Pokazał też dane dotyczące zakażeń w Polsce w listopadzie 2020 roku, czyli po masowych protestach przeciwko wyrokowi Trybunału Konstytucyjnego w sprawie aborcji, które odbyły się w dniach 28-30 października 2020 roku. "W listopadzie 2020 wpływ zwiększenia zapadalności wyniósł dla: a. miast wojewódzkich wyniósł 43 tys zakażeń więcej, b. miast na prawach powiatu 45 tys zakażeń więcej" - miał napisać Maliszewski.
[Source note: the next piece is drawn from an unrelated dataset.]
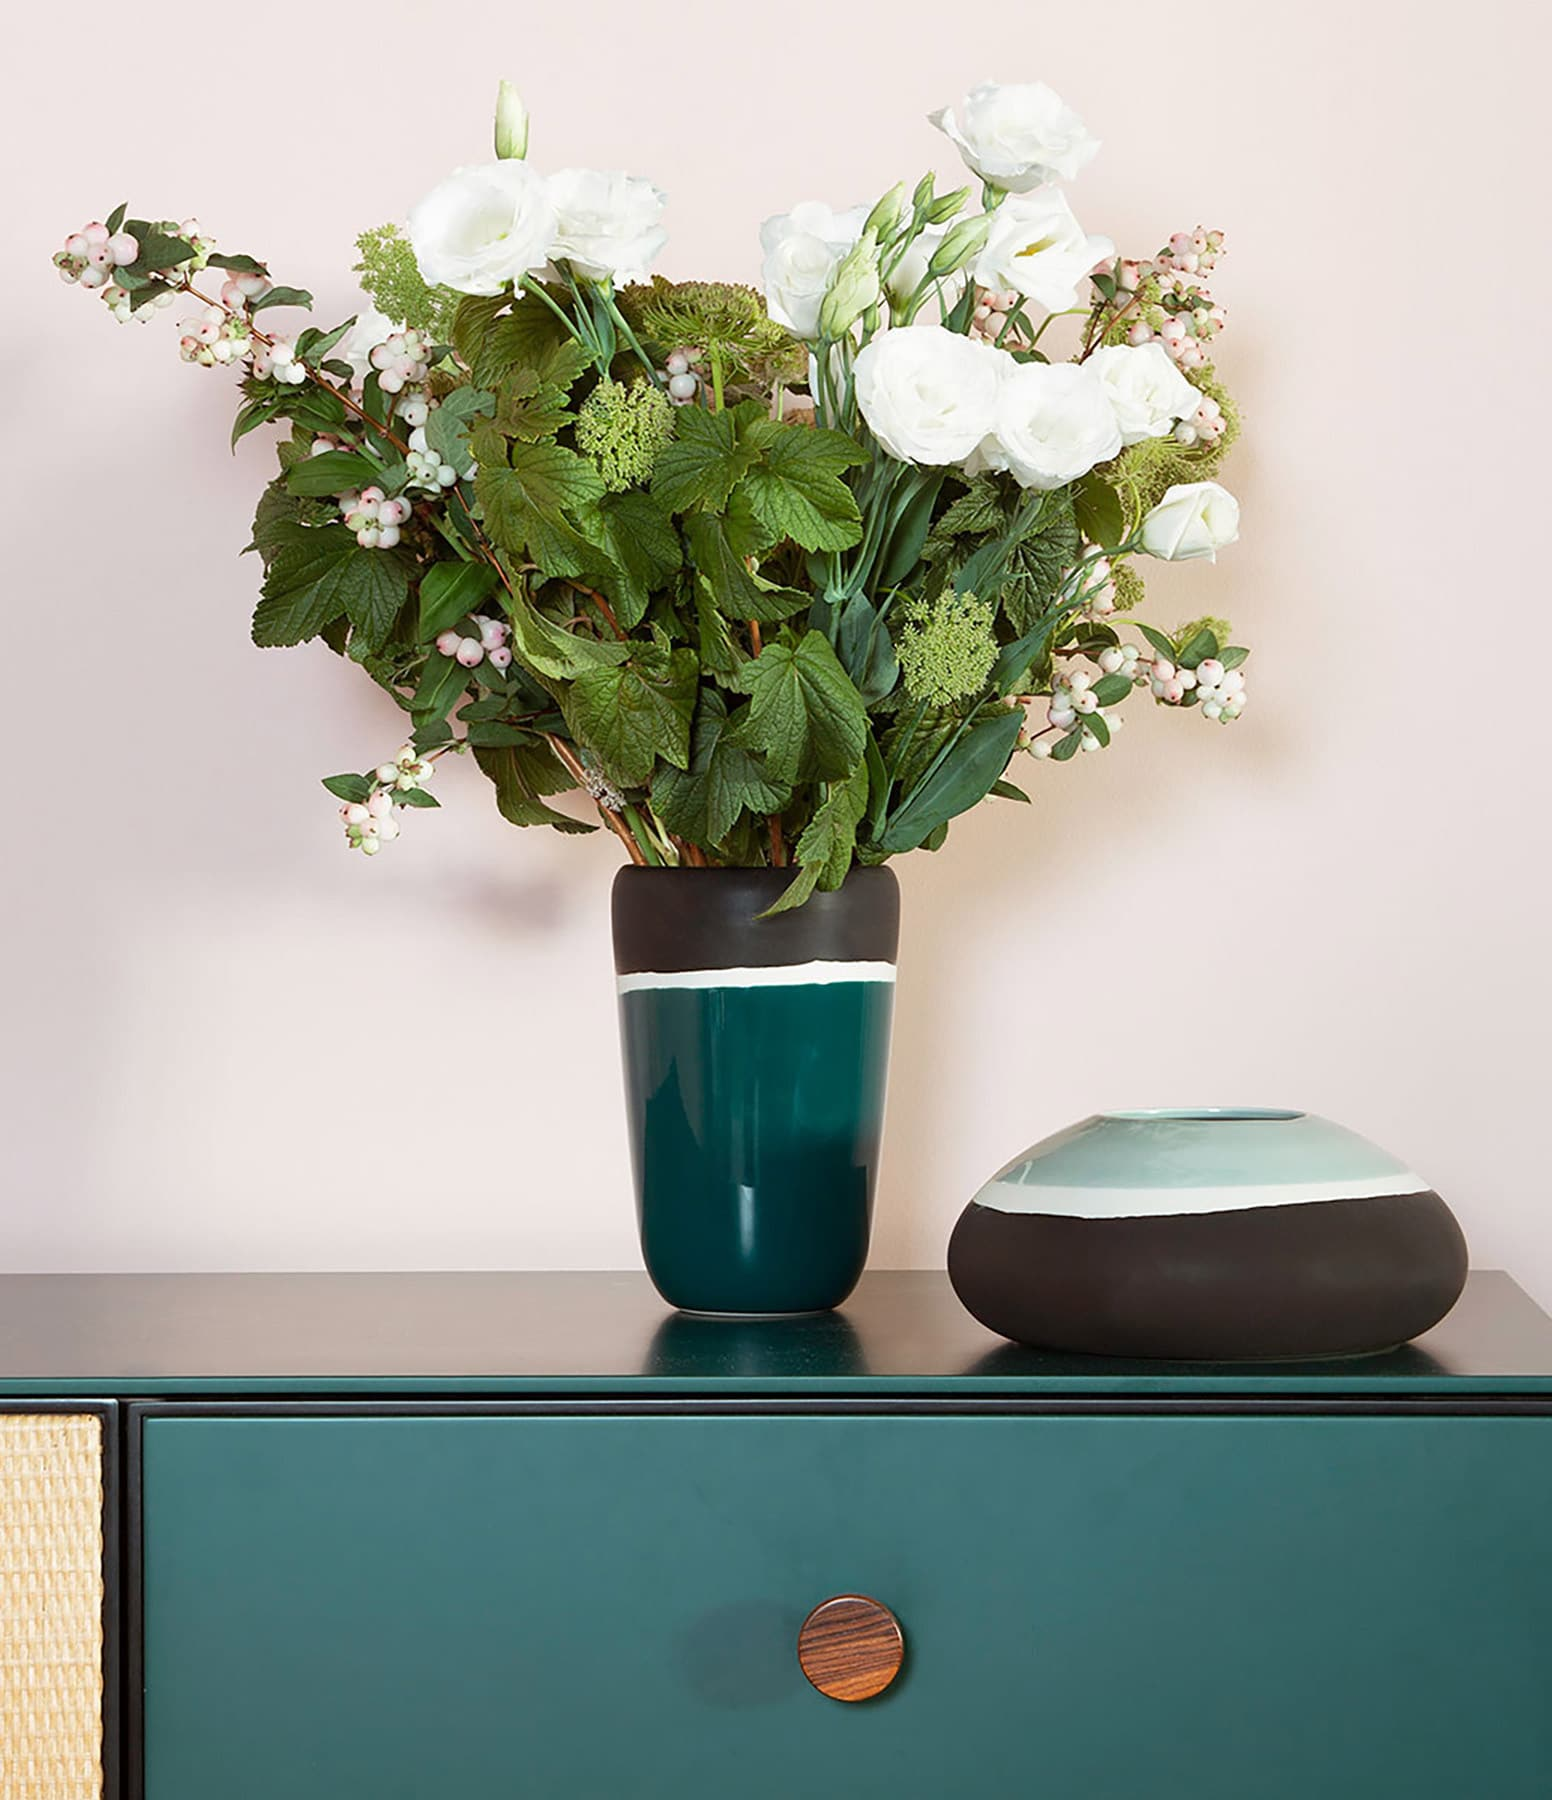 MAISON SARAH LAVOINE - Vase Sicilia Pousse de Tilleul 10x22cm

W "uwagach dodatkowych" miał jednak zaznaczyć, że protesty w Polsce zbiegły się ze wzrostową zakażeń, co "bardzo utrudnia odseparowanie wektorów mających wpływ na wartość wypadkową", a także to, że wyższy wzrost na początku listopada "trudno powiązać bezpośrednio i jednoznacznie z protestami ponieważ wyższy wzrost zapadalności może wiązać się z innymi czynnikami". Maliszewski jako czynniki te miał wymienić "większą gęstość zaludnienia, lepszy dostęp do laboratoriów i testów, większą tolerancję dużych pracodawców na zwolnienia lekarskie, większe migracje społeczne". "A tych nie jesteśmy w stanie w łatwy i szybki sposób wyeliminować z analizy" - miał dodać.
"Zależności między protestami a zakażeniami są korelacyjne. Jeszcze raz - odradzam Ci cytowanie ich teraz, bo nie mamy tak krytycznej sytuacji epidemicznej" - miał napisać Maliszewski do premiera.
"Dobrze" - miał odpowiedzieć Morawiecki. "Jak będę mówił o tym to będę wyłącznie cytował tagesSpiegel i powiem, że to wyparciu wyłącznie o tego typu dane... i pięć razy wspomnę że to w oparciu ich niemiecką gazetę" - rzekomo dodał premier.
Afera mailowa
Członkowie rządu uchylają się od odpowiedzi na pytania, które dotyczą spraw przedstawionych w ujawnionych mailach. Centrum Informacyjne Rządu wielokrotnie podkreślało, że "Polska doświadczyła ataku cybernetycznego i dezinformacyjnego prowadzonego z terenu Federacji Rosyjskiej", w związku z czym "Kancelaria Prezesa Rady Ministrów nie będzie komentować treści materiałów".
W lipcu na konferencji prasowej Michał Dworczyk mówił: "Jeśli chodzi o konkretne pytania dotyczące materiałów publikowanych na rosyjskiej platformie Telegram (komunikator, gdzie początkowo ujawniano domniemane maile - red.), konsekwentnie tutaj podtrzymujemy, że nie będziemy odnosić się do pojedynczych materiałów. Bo to jest właśnie jeden z celów atakującego – wprowadzanie dyskusji słowo przeciwko słowu, tłumaczenia, co jest prawdziwe, co jest zmanipulowane, co jest całkowicie fałszywe. W związku z tym do tego nie będziemy się odnosić".
Redakcja tvn24.pl zapytała mailowo kancelarię premiera o autentyczność opublikowanych maili. Do momentu publikacji powyższego artykułu nie otrzymaliśmy odpowiedzi.